Times are good for the merchants of fossil fuels.
Coal is making a comeback in the U.S., natural gas prices are rising, and Saudis are living like kings off an oil market that is simply heavenly.
Just last year, demand for coal had dropped deeper than a canary lowered down a mine shaft. Prices had been pushed down by the natural gas fracking boom. But The Washington Post reports that demand and prices for coal have rebounded:
According to the latest data from the Energy Information Administration, coal has been reclaiming some — though not all — of its market share in 2013. …
[N]atural gas prices have been creeping up over the past year, thanks to a combination of a colder winter, higher demand for heating fuel, scaled-back drilling, and also new storage facilities that are preventing a glut of gas on the market. The ultra-low gas prices that were devastating the coal industry in 2011 and 2012 weren’t sustainable forever.

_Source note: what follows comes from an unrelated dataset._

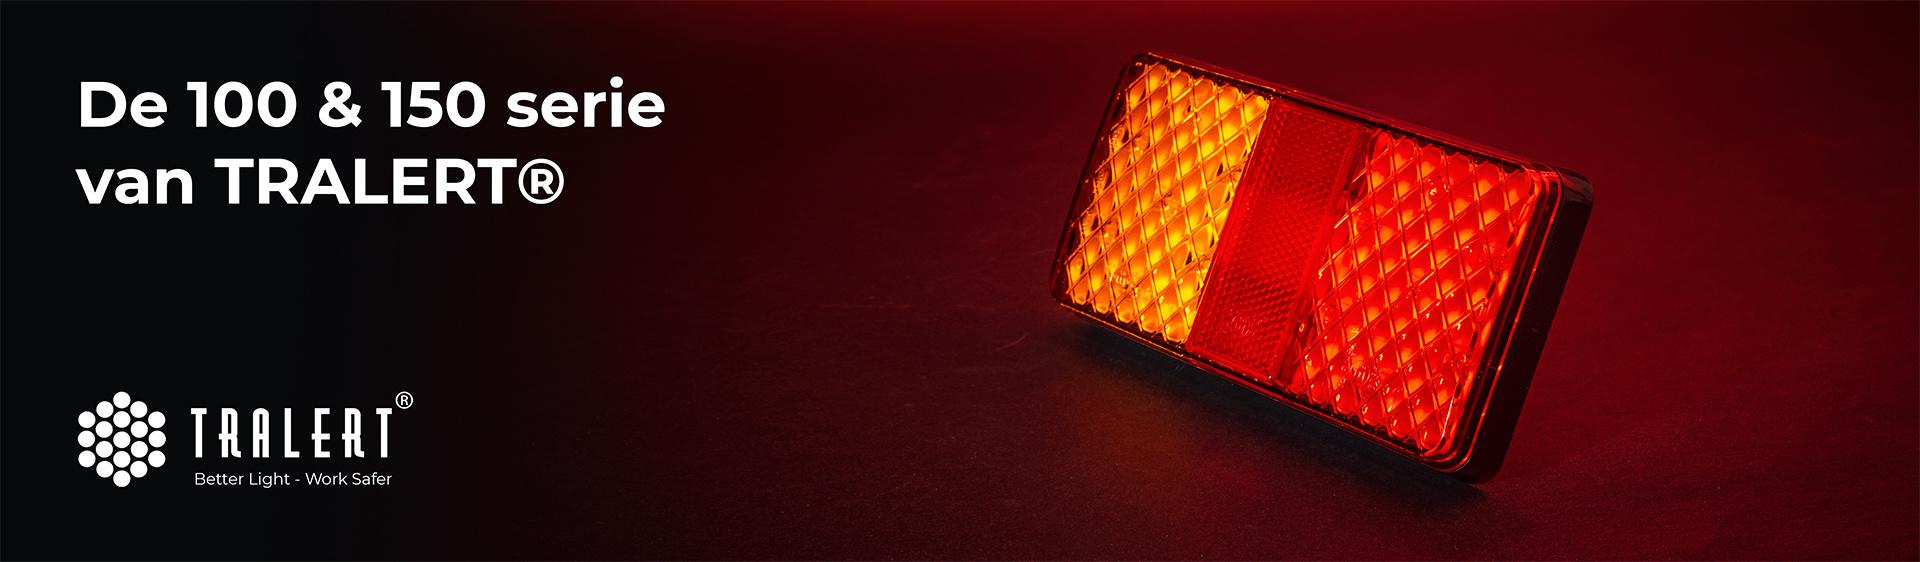 Tralert 100 en 150 serie LED achterlichten
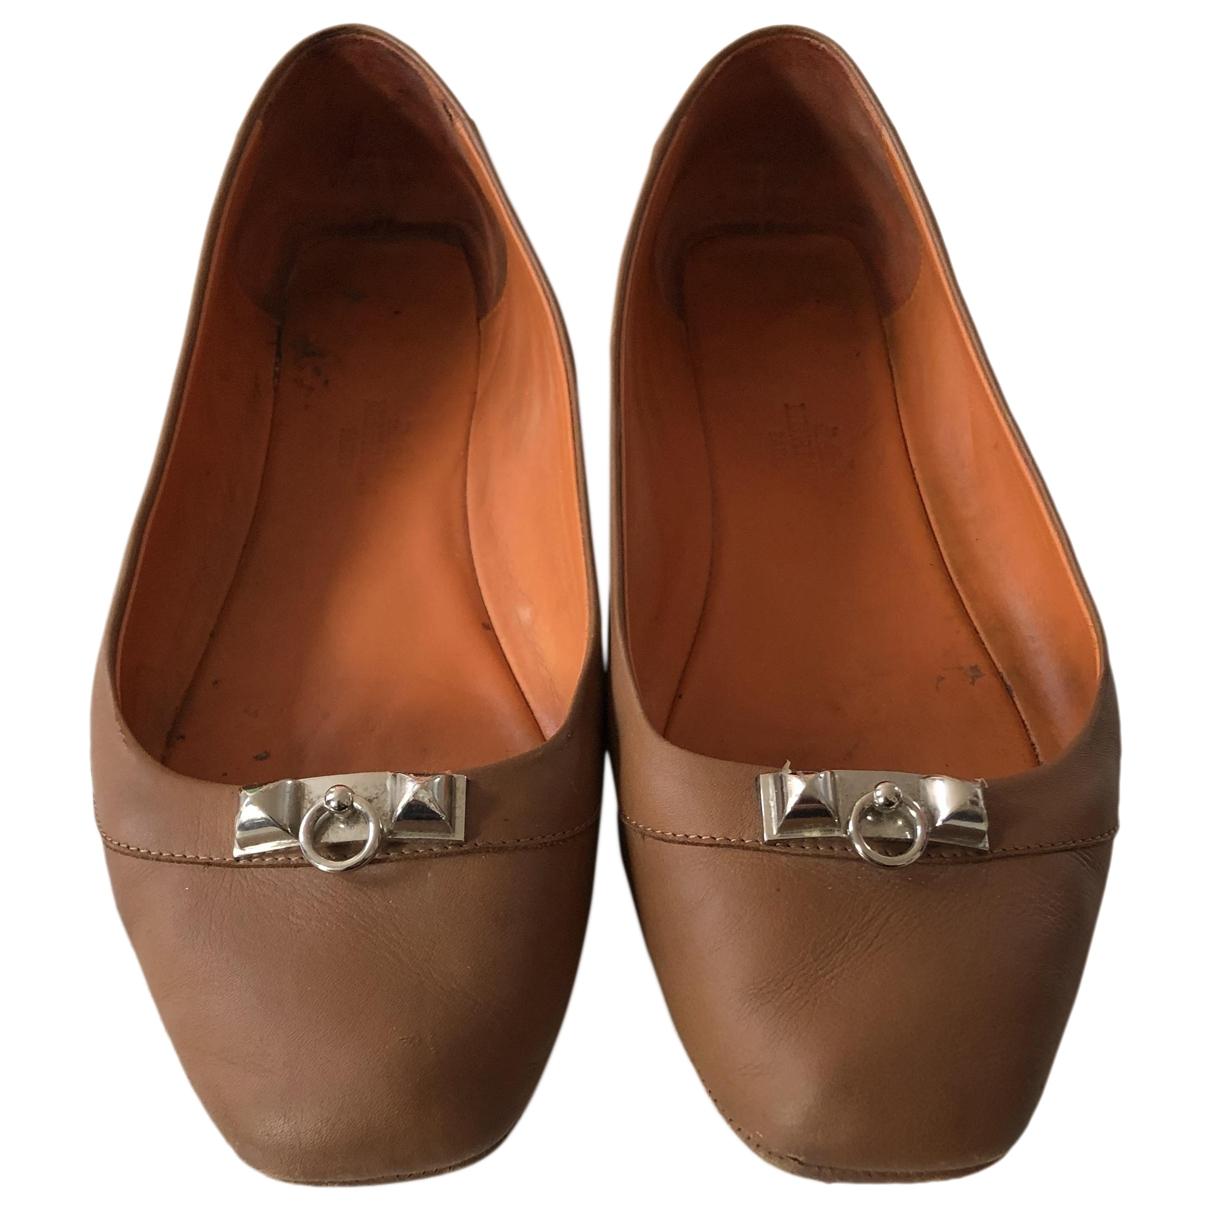 Hermès \N Brown Leather Ballet flats for Women 37 EU

Coal company executives and natural gas frackers and retailers aren’t the only fossil-fuel profiteers who are partying right now. OPEC is also feeling pretty good these days. From Bloomberg:
Saudi Arabia, the world’s largest crude exporter, is content with current conditions in the oil market, the kingdom’s petroleum minister said three days before OPEC members meet to assess the group’s output policy.
“This is the best environment for the market,” Ali al-Naimi told reporters today in Vienna when asked about the balance of supply and demand. “Demand is great,” al-Naimi said as he arrived at his hotel.
Tides everywhere are rising in celebration.